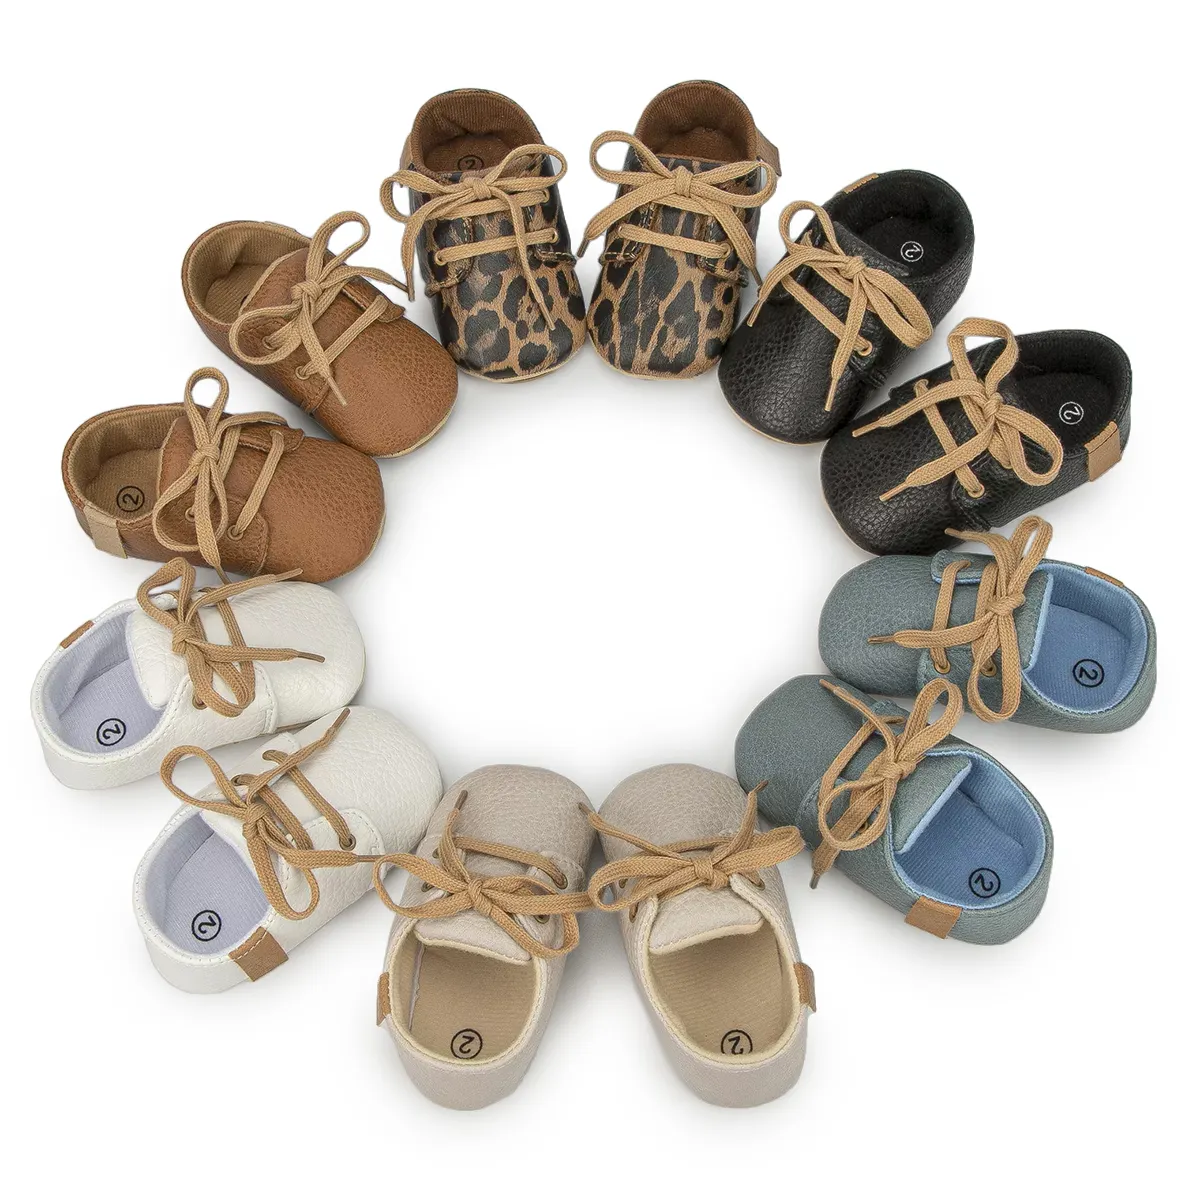 Scarpe mocassini per neonati di alta qualità colorate in pelle sintetica molle antiscivolo suola morbida scarpe elastiche da passeggio per neonati
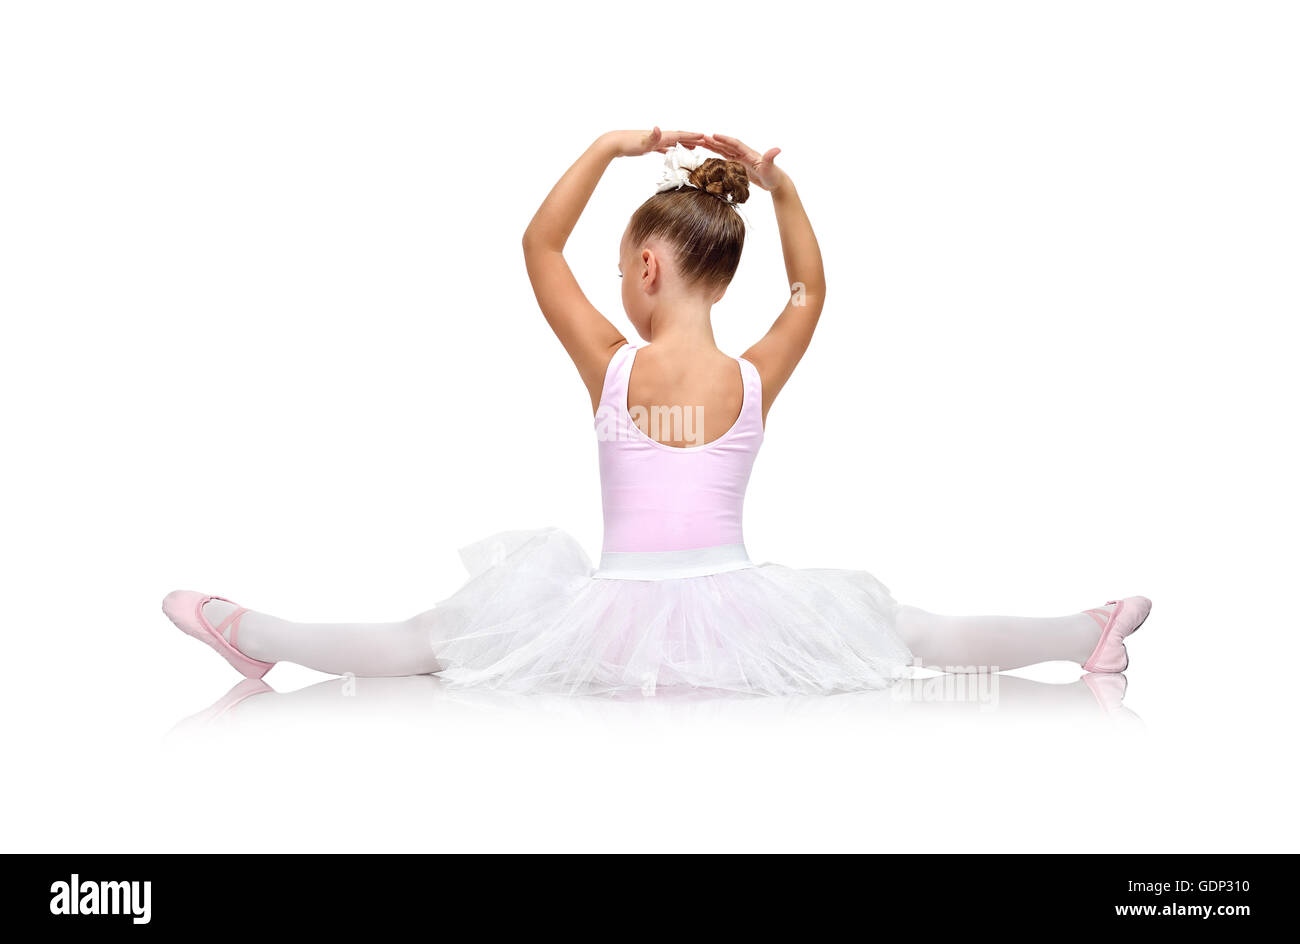 little ballerina in tutu sitting on floor, back view Stock Photo
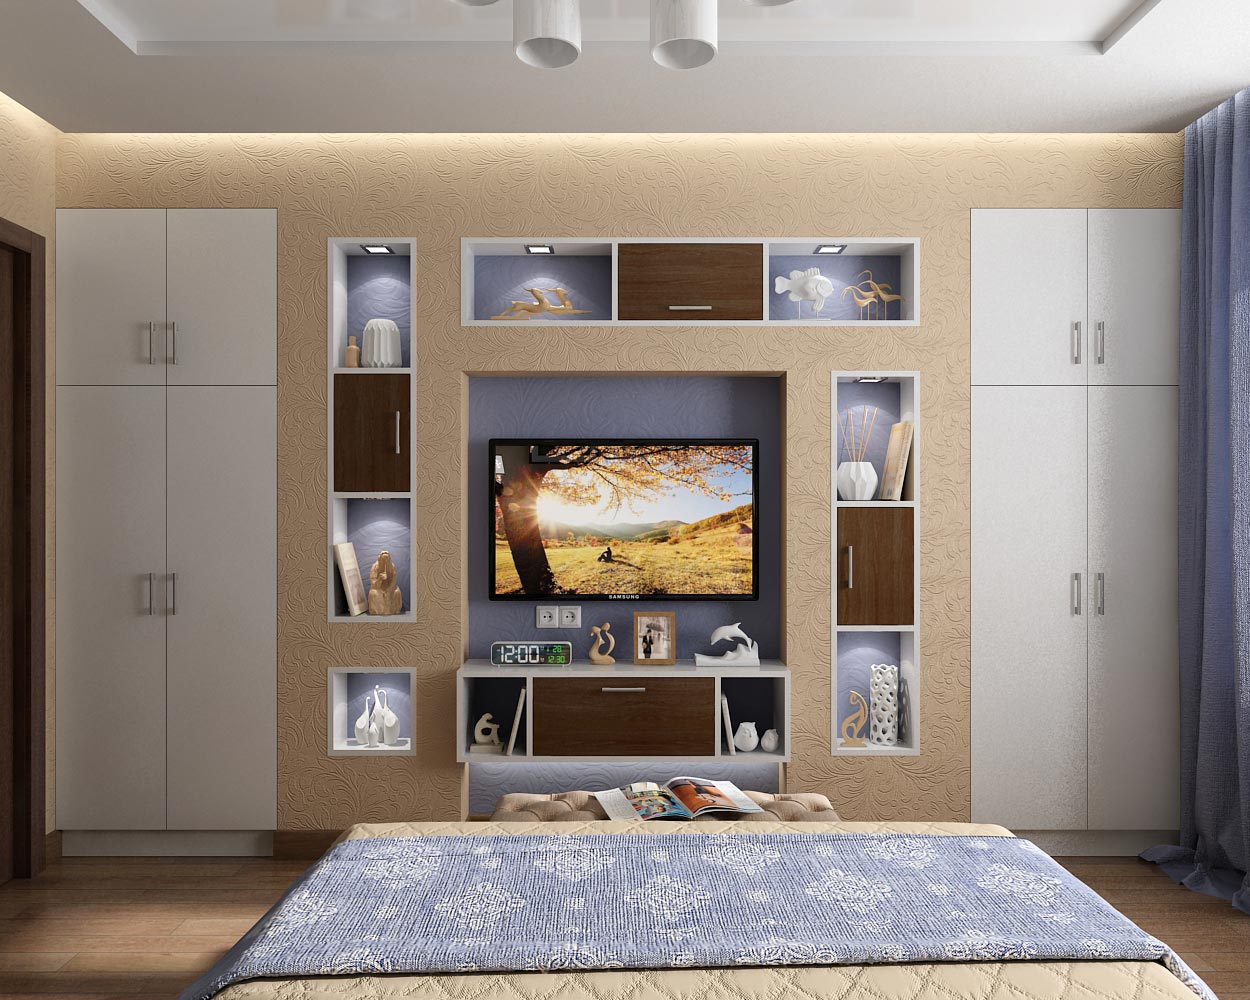 Проект дизайн интерьера спальни в квартире в Чернигове в 3d max vray 1.5 изображение

What is needed: Everything in the listing must be restated word for word, except for the pictures.

Reply:
 Scarpe mocassini per neonati di alta qualità colorate in pelle sintetica molle antiscivolo suola morbida scarpe elastiche da passeggio per neonati
 little ballerina in tutu sitting on floor, back view Stock Photo
 Проект дизайн интерьера спальни в квартире в Чернигове в 3d max vray 1.5 изображение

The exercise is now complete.